What needs to be done:
Copy the lines running from the one that contains "Skin glow facial kit" to the end of the entries below, exactly and with no pictures.

Data under study:
*** Block opens ***

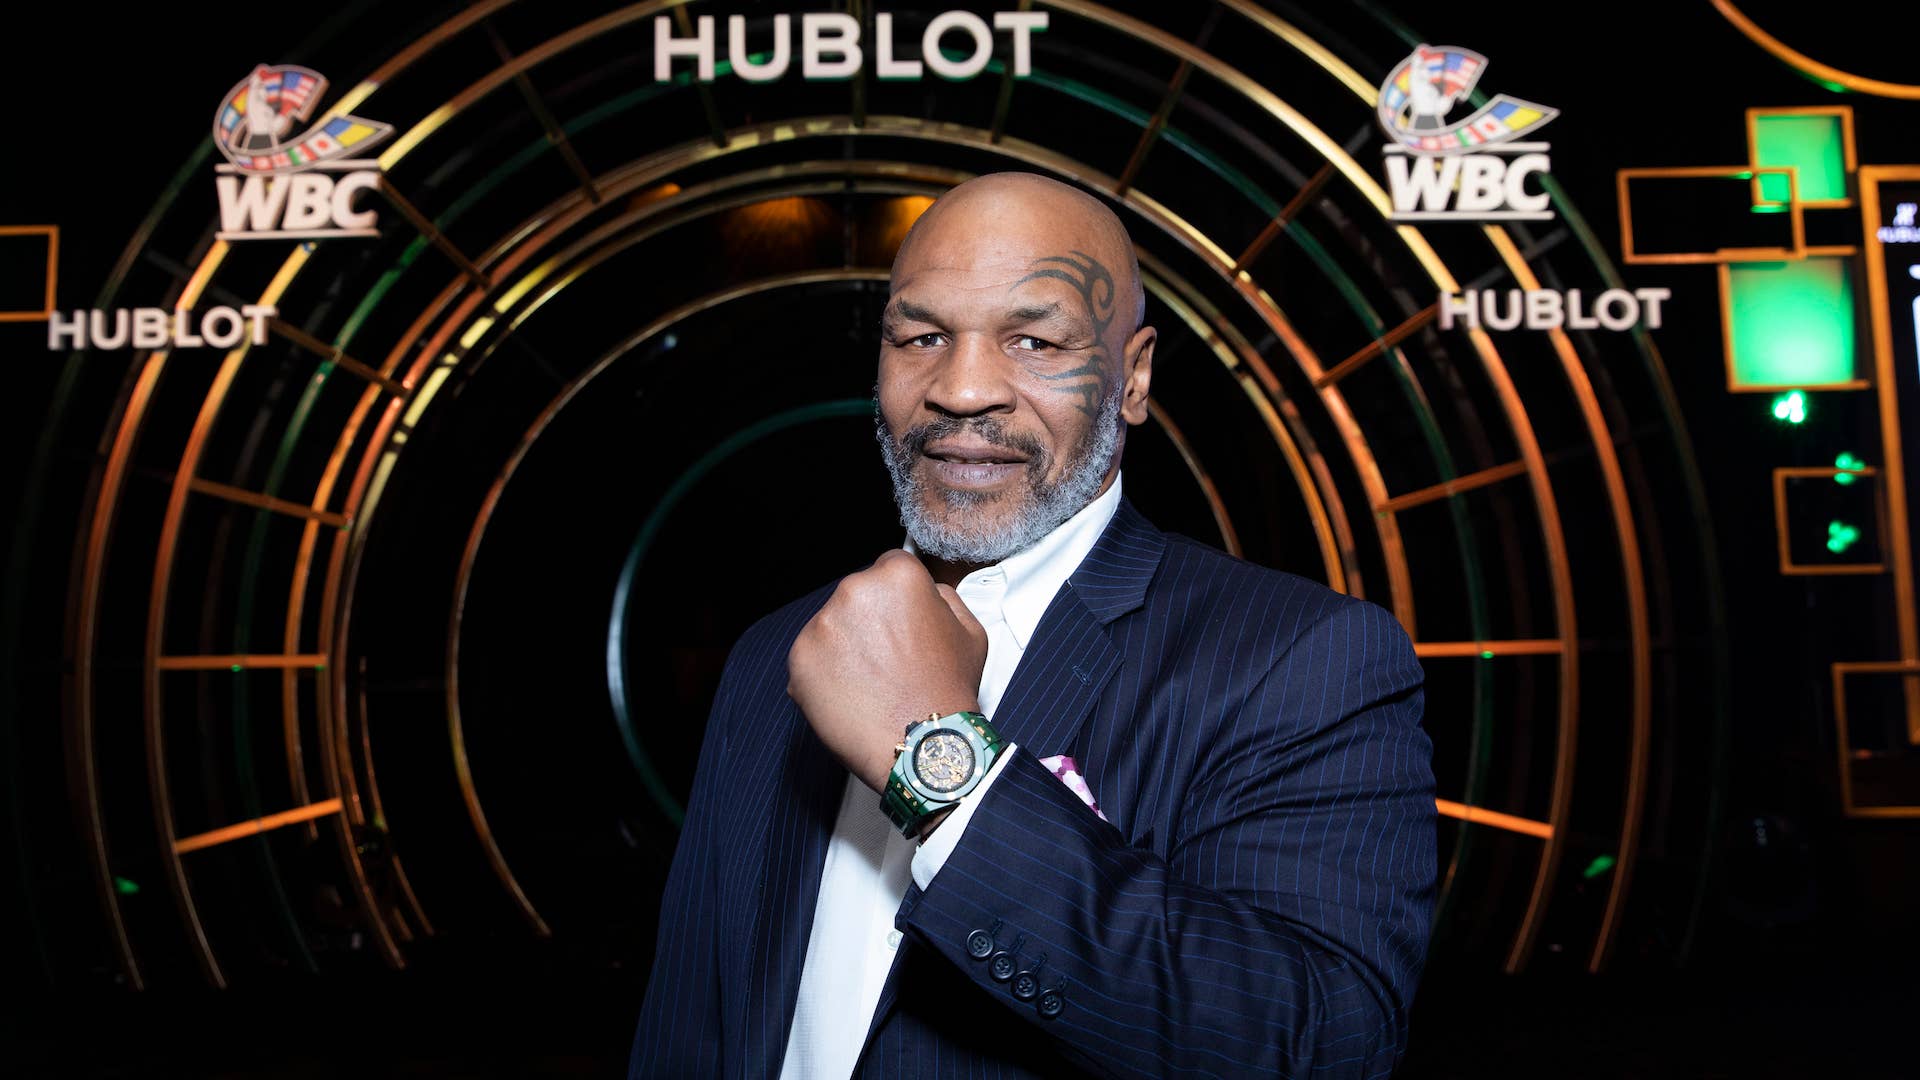 Mike Tyson attends the Hublot x WBC "Night of Champions" Gala
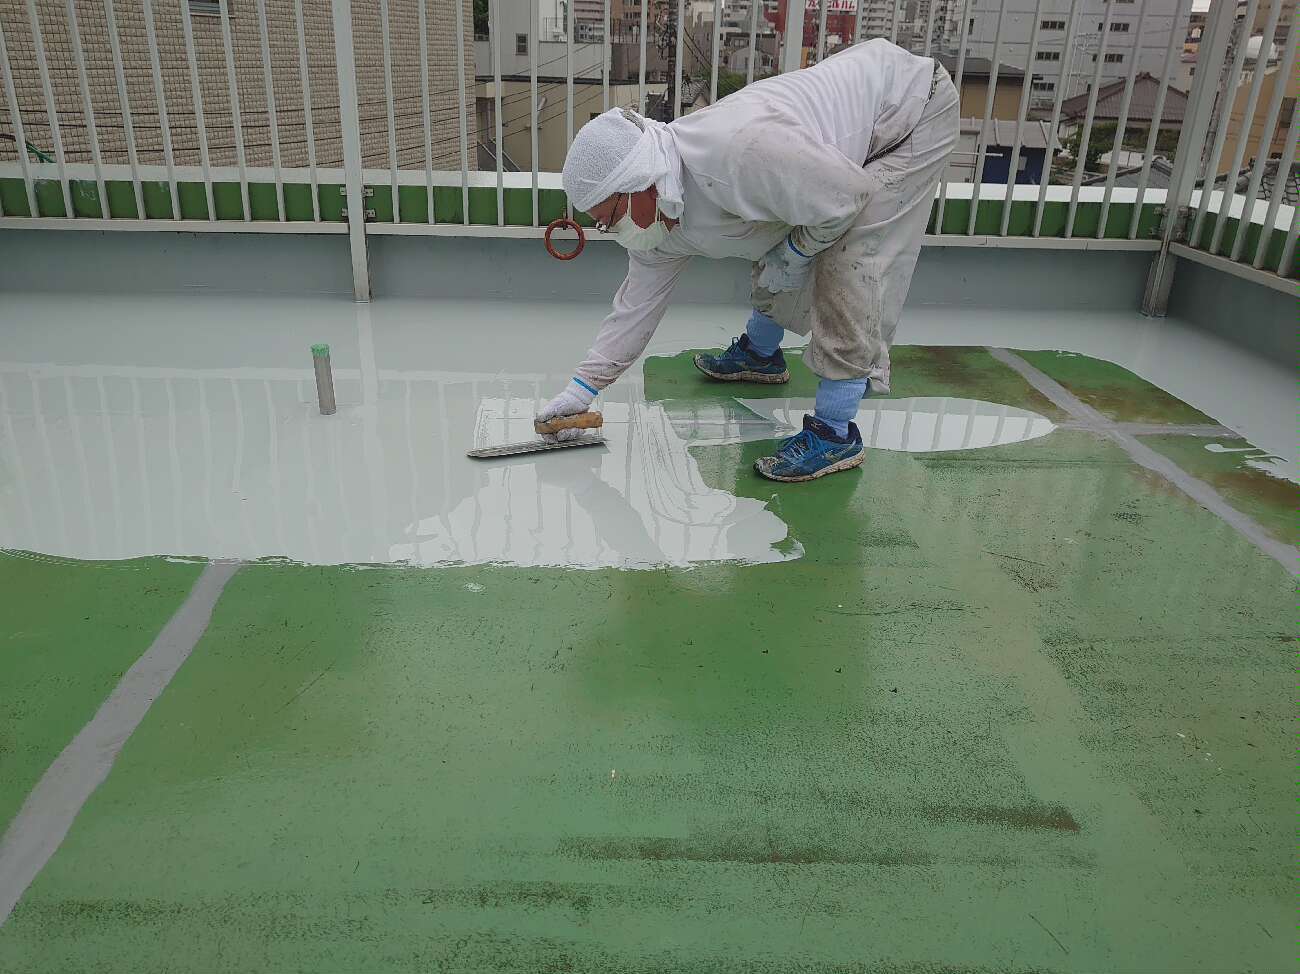 屋上防水 ウレタン防水はどの工法がお勧めですか 東京23区 東京近郊の防水工事なら東京都中央区の東京防水へ
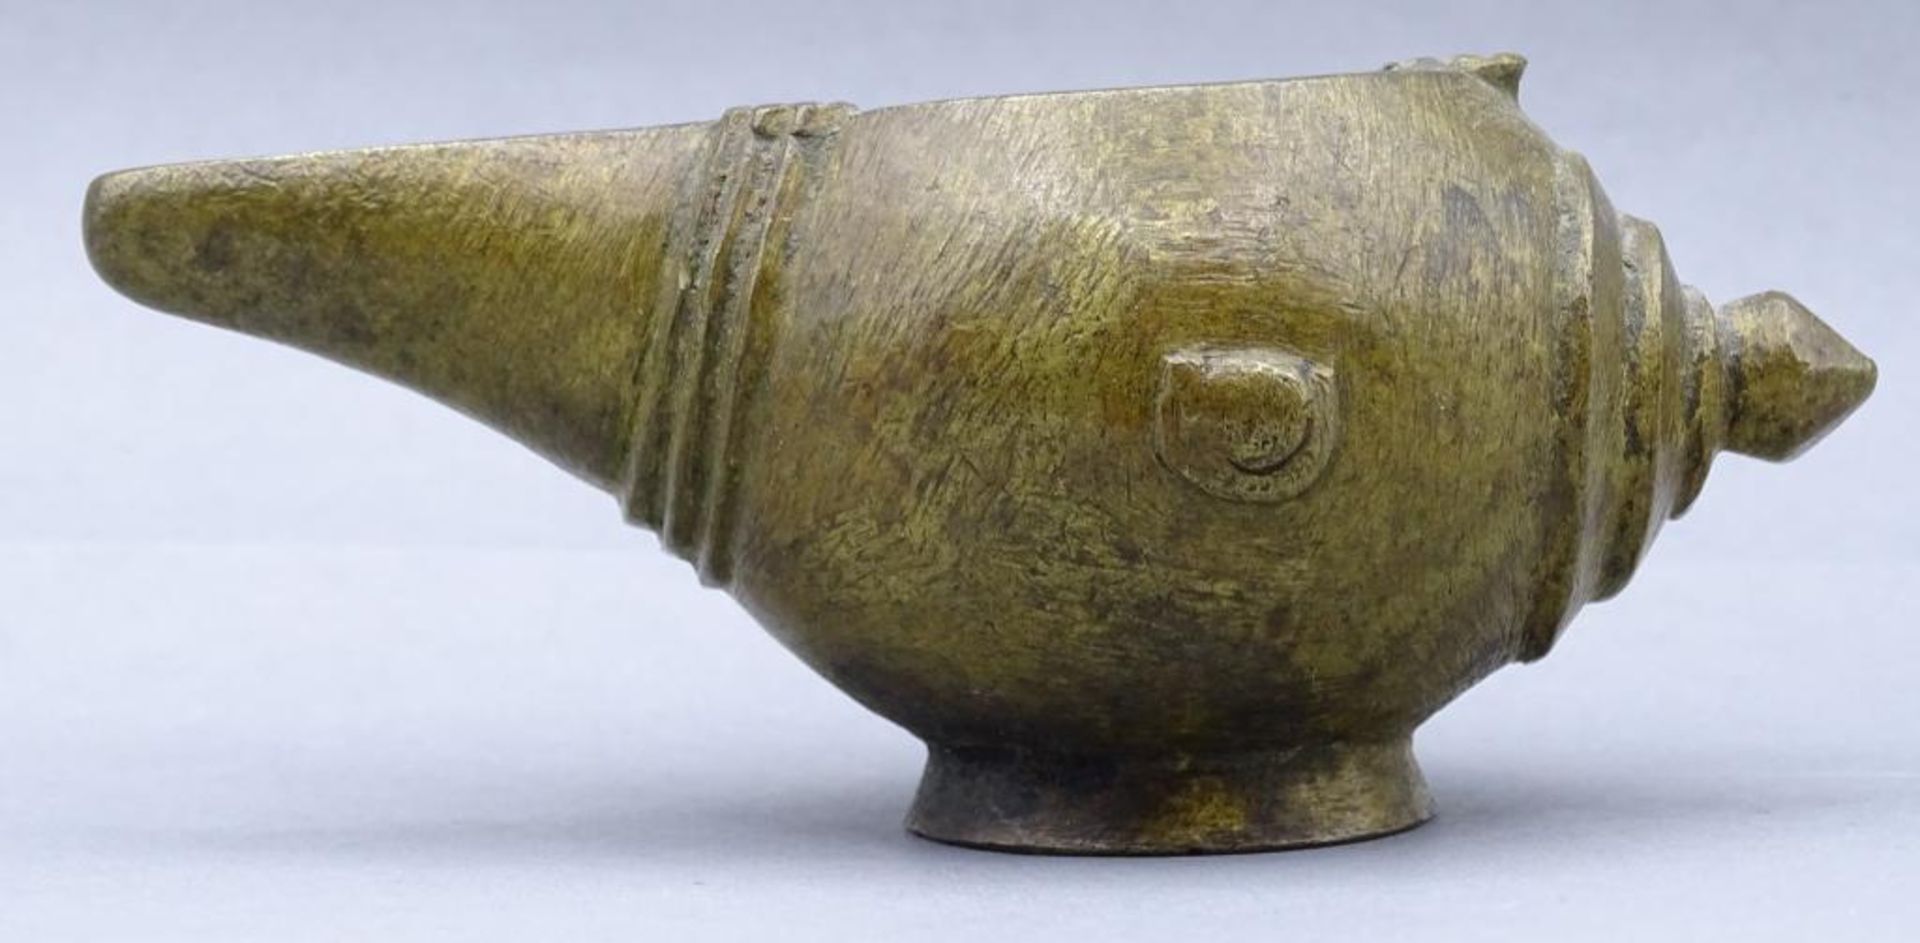 Bronze Öllampe, wohl Indonesien, 17/18.Jhd, mit Karte, gekauft bei Lempertz, 196- - -22.61 % buyer's
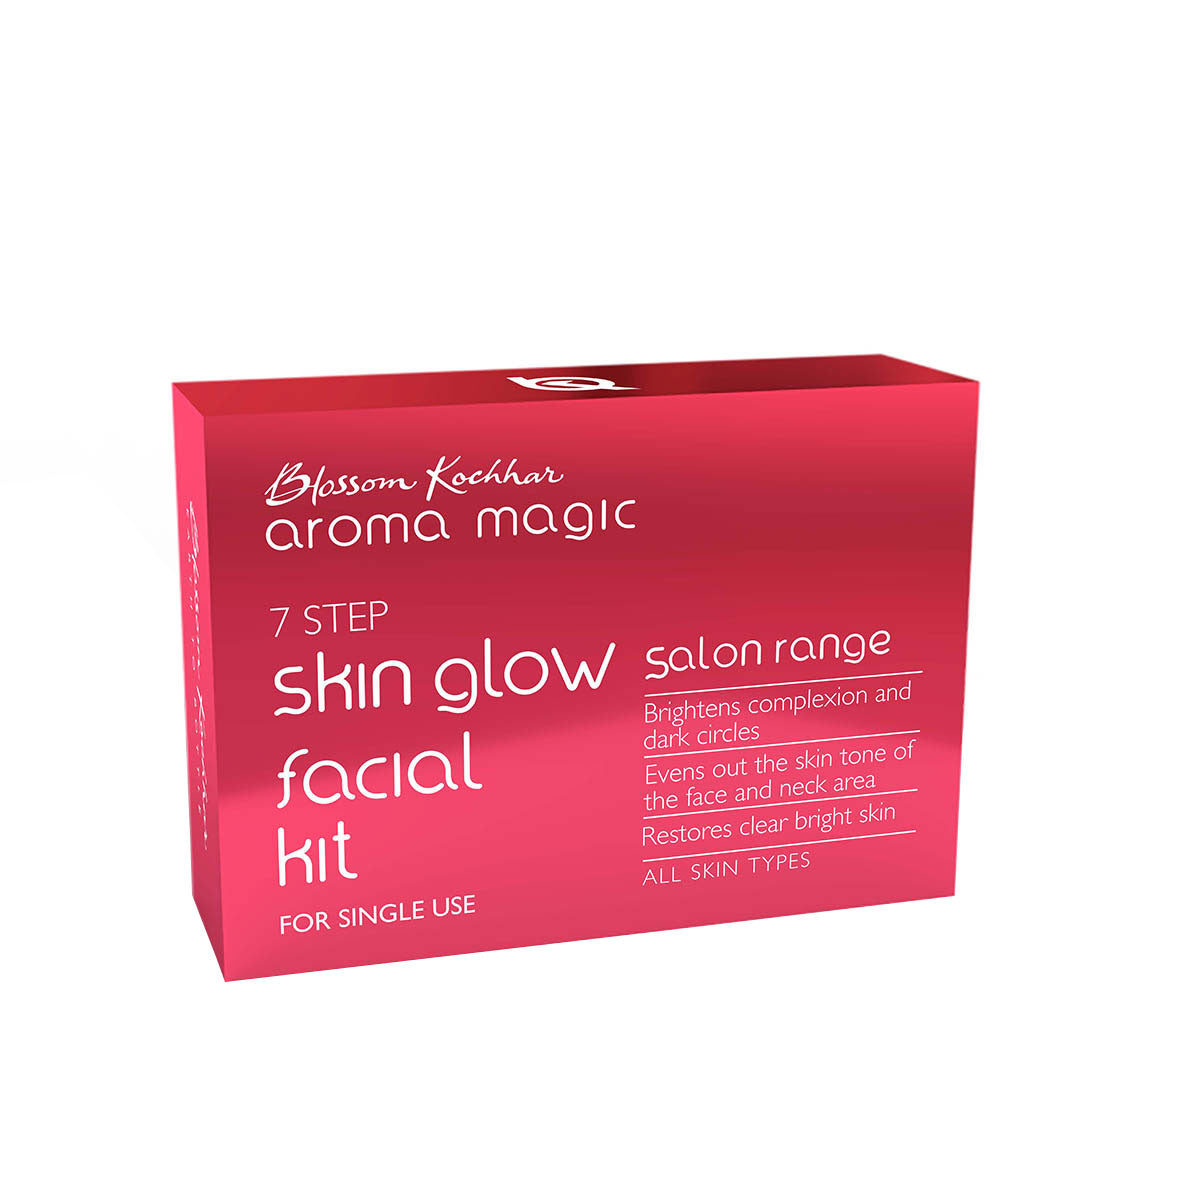 Skin glow facial kit
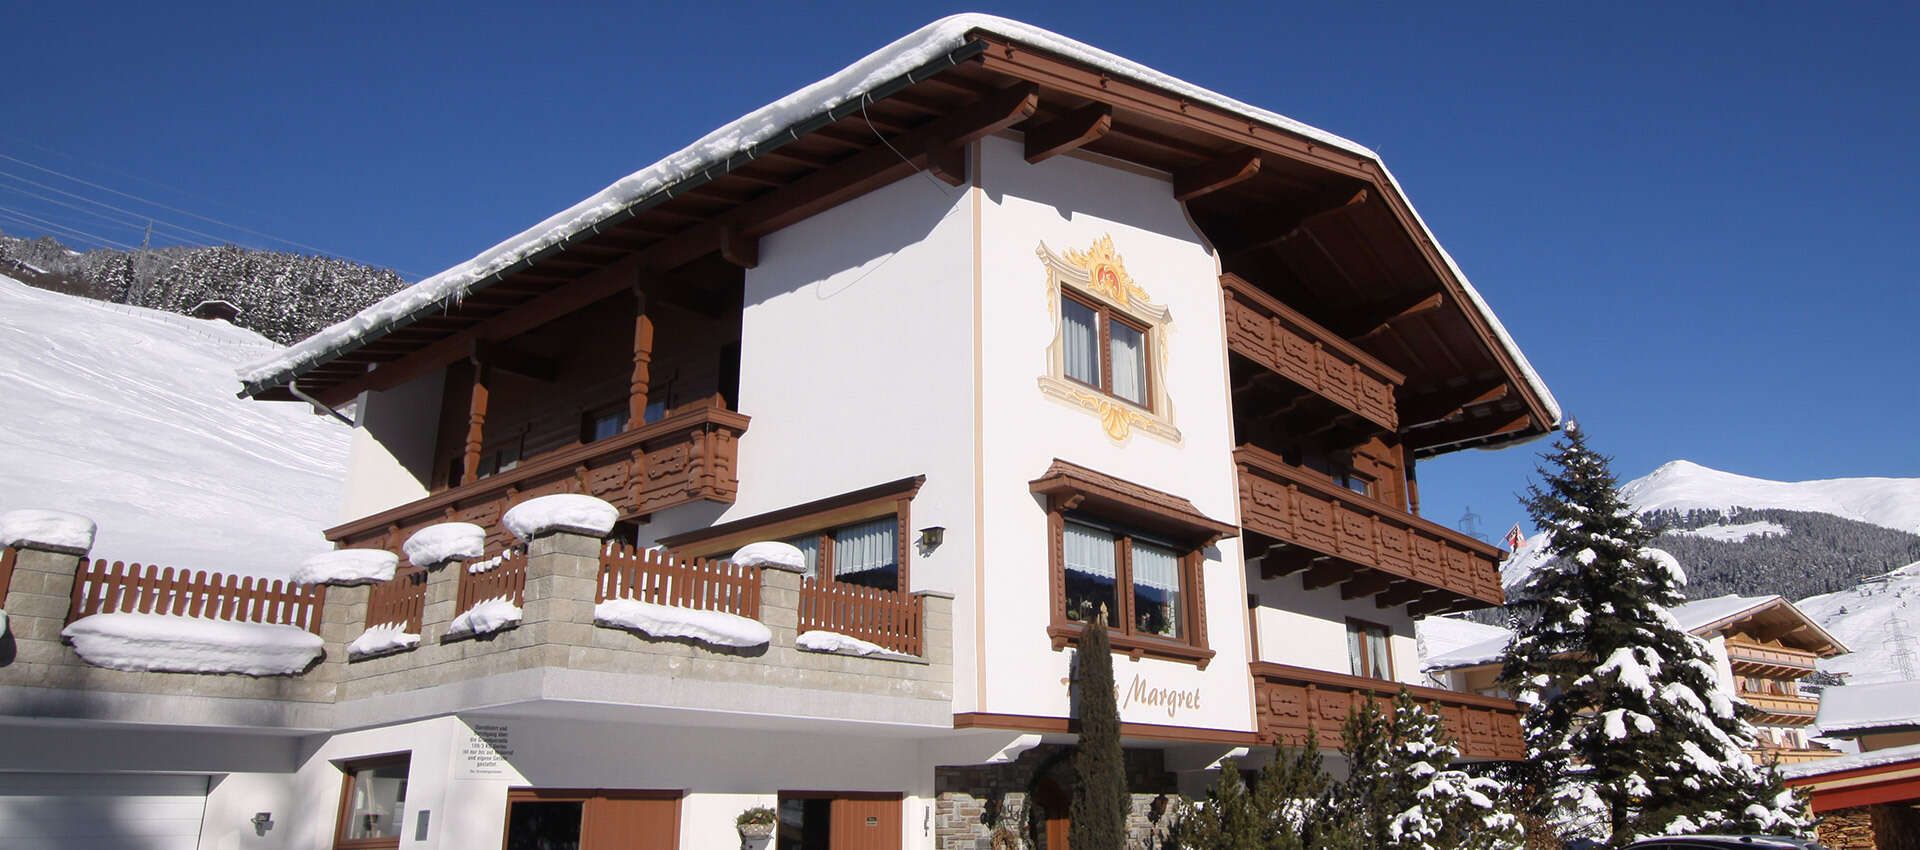 Haus Margret im Winter in Gerlos, Zillertal in Tirol

*** Block closes ***

Solution for this exercise:
 Skin glow facial kit
 Haus Margret im Winter in Gerlos, Zillertal in Tirol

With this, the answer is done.